# turtles



## camt44 (Mar 30, 2009)

hey all, i went to the macherps expo on the weekend (which was great) and i saw lots of turtles which i have always been interested in... a few questions though... what is the smallest one (do they all get as big as the long-necks?) that is readily available, as i don't have room for a big tank, or a pond... any general care info would be greatly appreciated as well!!!


----------



## SnapKitten (Mar 30, 2009)

I have a Macquarie River Short neck. When I got him he was about the size of a 20cent coin. I've had him for a year or more now and he's about 15cm long. When he's fully grown he'll be about 30cm long. Had him in a smaller tank (80cm long) til recently. He didn't grow out of the old one, I just got a good offer on a 2nd hand 6ft tank, so he got upgraded. He is my first and only turtle (so far), so I'm not the most experienced. As for general care, I feed twice a day, have lighting, and a basking area. Change 1/3 - 1/2 tank water fornightly and have a filter. I've had no problems the whole time having him.


----------



## JAS101 (Mar 31, 2009)

the best turtle advice i can give u is >>>> http://www.australianfreshwaterturtles.com.au/index.php


----------



## camt44 (Mar 31, 2009)

great thanks alot. i'll check out that site now


----------



## obsessive (Mar 31, 2009)

The smallest Australian turtle is the Western Swamp Tortoise _Pseudemydura umbrina _(they still call Turtles Tortoises in WA) It grows to 14cms, but is critically endanged and is illegal to keep.

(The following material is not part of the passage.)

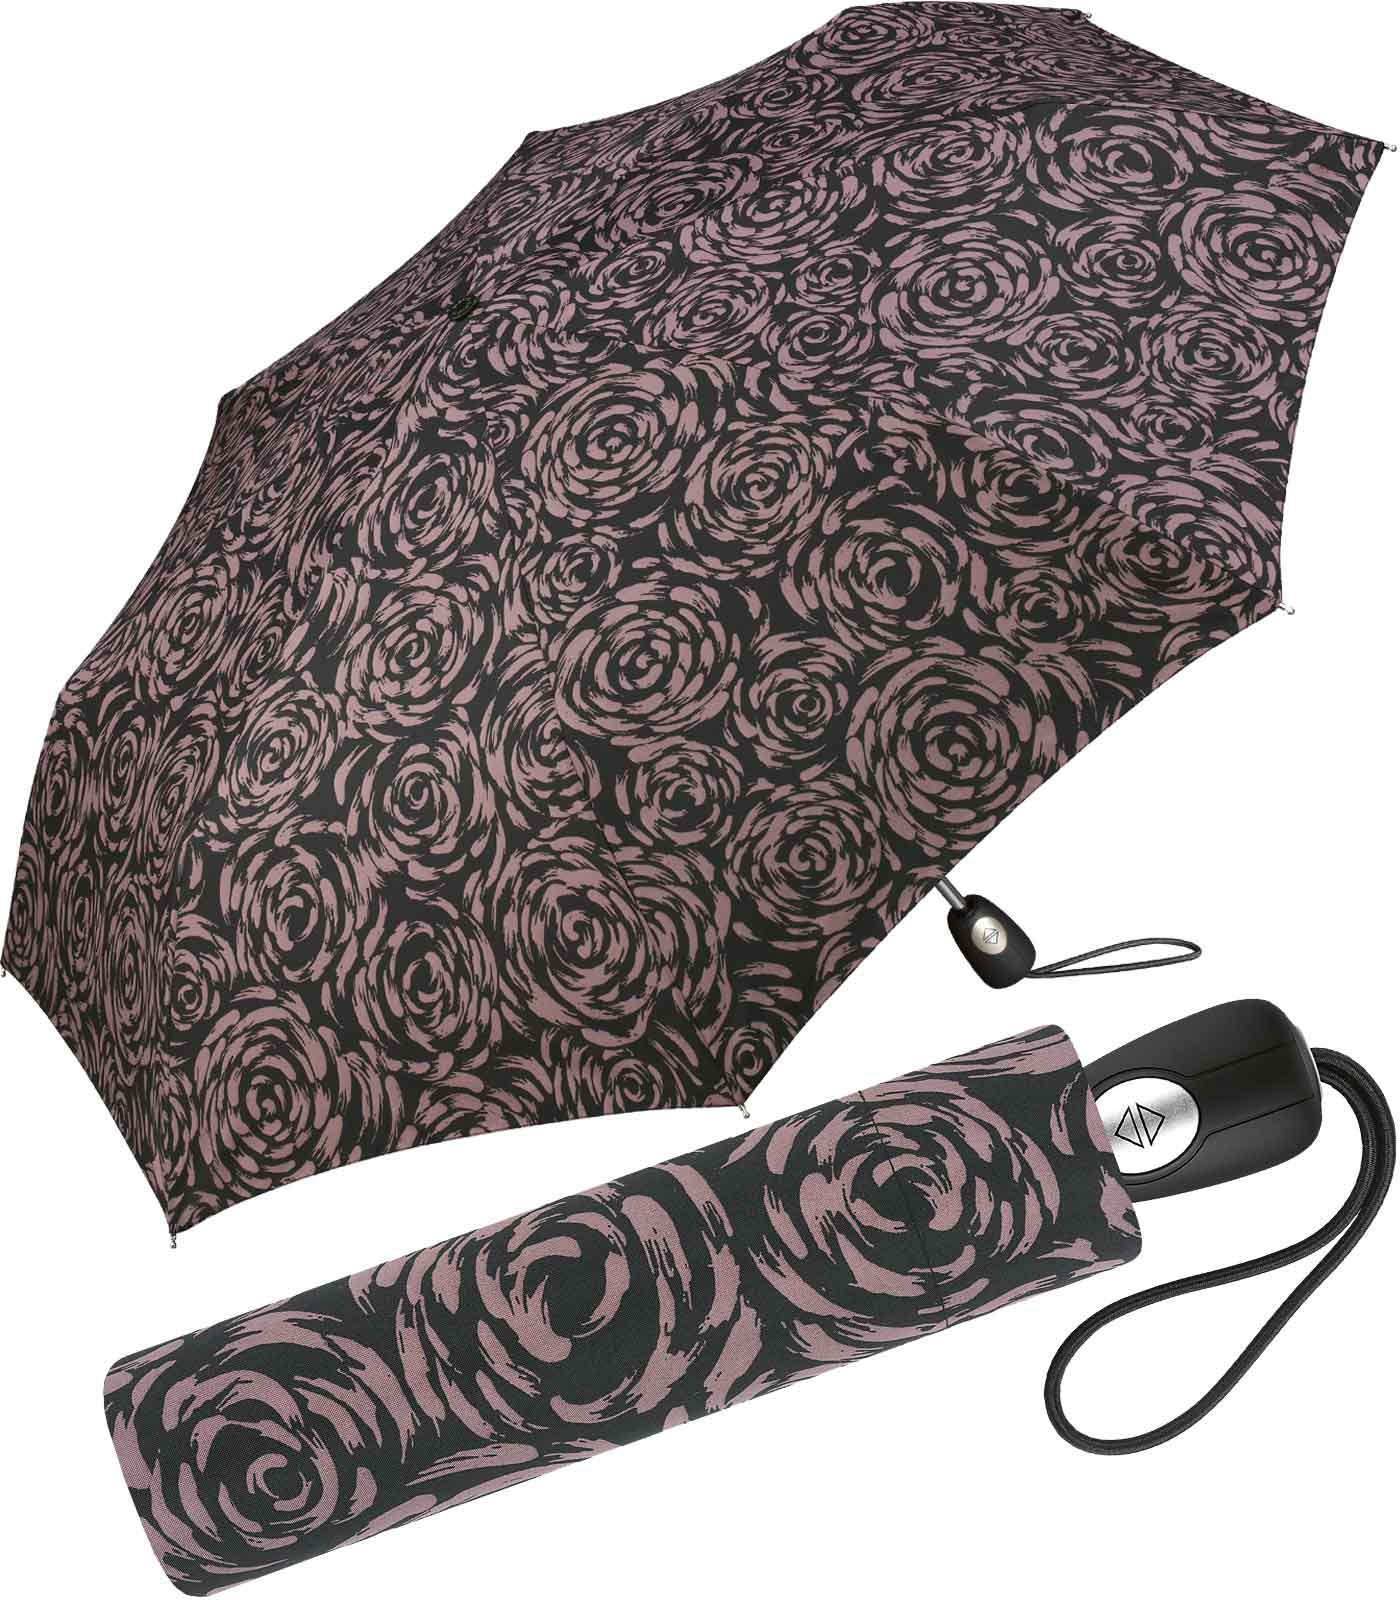 Pierre Cardin Taschenregenschirm schöner Damen-Regenschirm mit Auf-Zu-Automatik, mit wunderschöner Rosenblütenmalerei mauve

The second smallest Turtle is the macleay river turtle and is legal to keep. You will be able to keep a pair of these in a 5 foot tank for life. On that note, you are able to keep a pair of Painted turtles ina 6 foot tank for life. Regardless, if you have anything less thena 5 foot tank I would not bother considering turtles.

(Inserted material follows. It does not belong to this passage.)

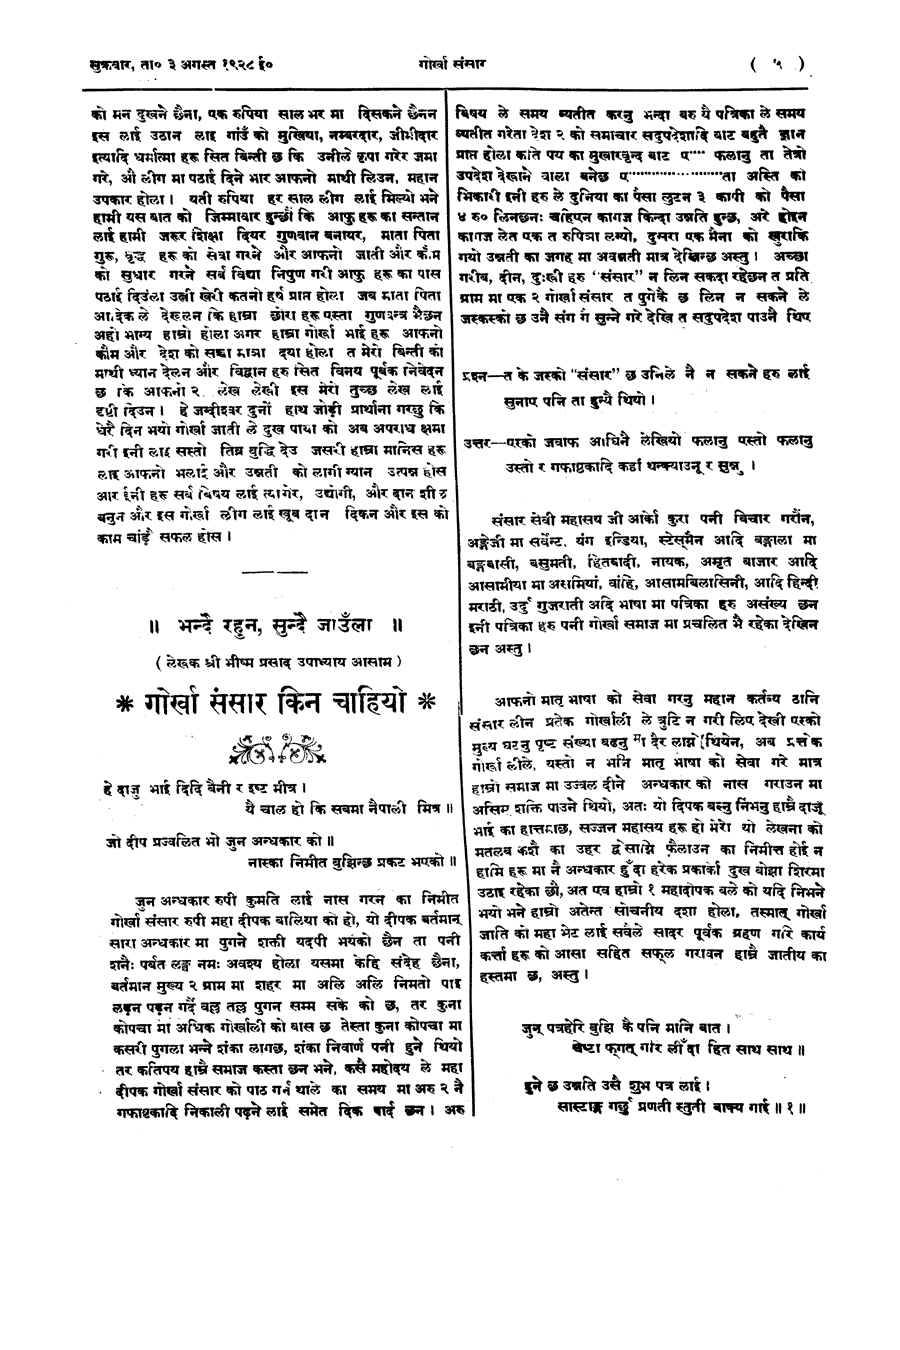 Gorkha Sansar, 3 Aug 1928, page 5

Turtle husbandry is pretty straight forward. But temps and diet will differ with what speies you get.


----------



## camt44 (Mar 31, 2009)

cool thanks for that. i only have some 2x1x1 tanks now, which i was going to use while they were young... how long do you think they could live in this for before they need an upgrade to their bigger tank (the 5 or 6 foot one?) what size do the macleay river turtles get? i saw some of them at the Macherps expo and they looked awesome. i'll do some more research on them.


----------



## jomichstan (Mar 31, 2009)

petty sure the macleay river turtle gets to about 170mm in diameter read it somewhere just bought a murray long neck on the w.end they are pretty cool pets. he is 100mm can not buy any smaller in vic through a pet shop


----------



## obsessive (Mar 31, 2009)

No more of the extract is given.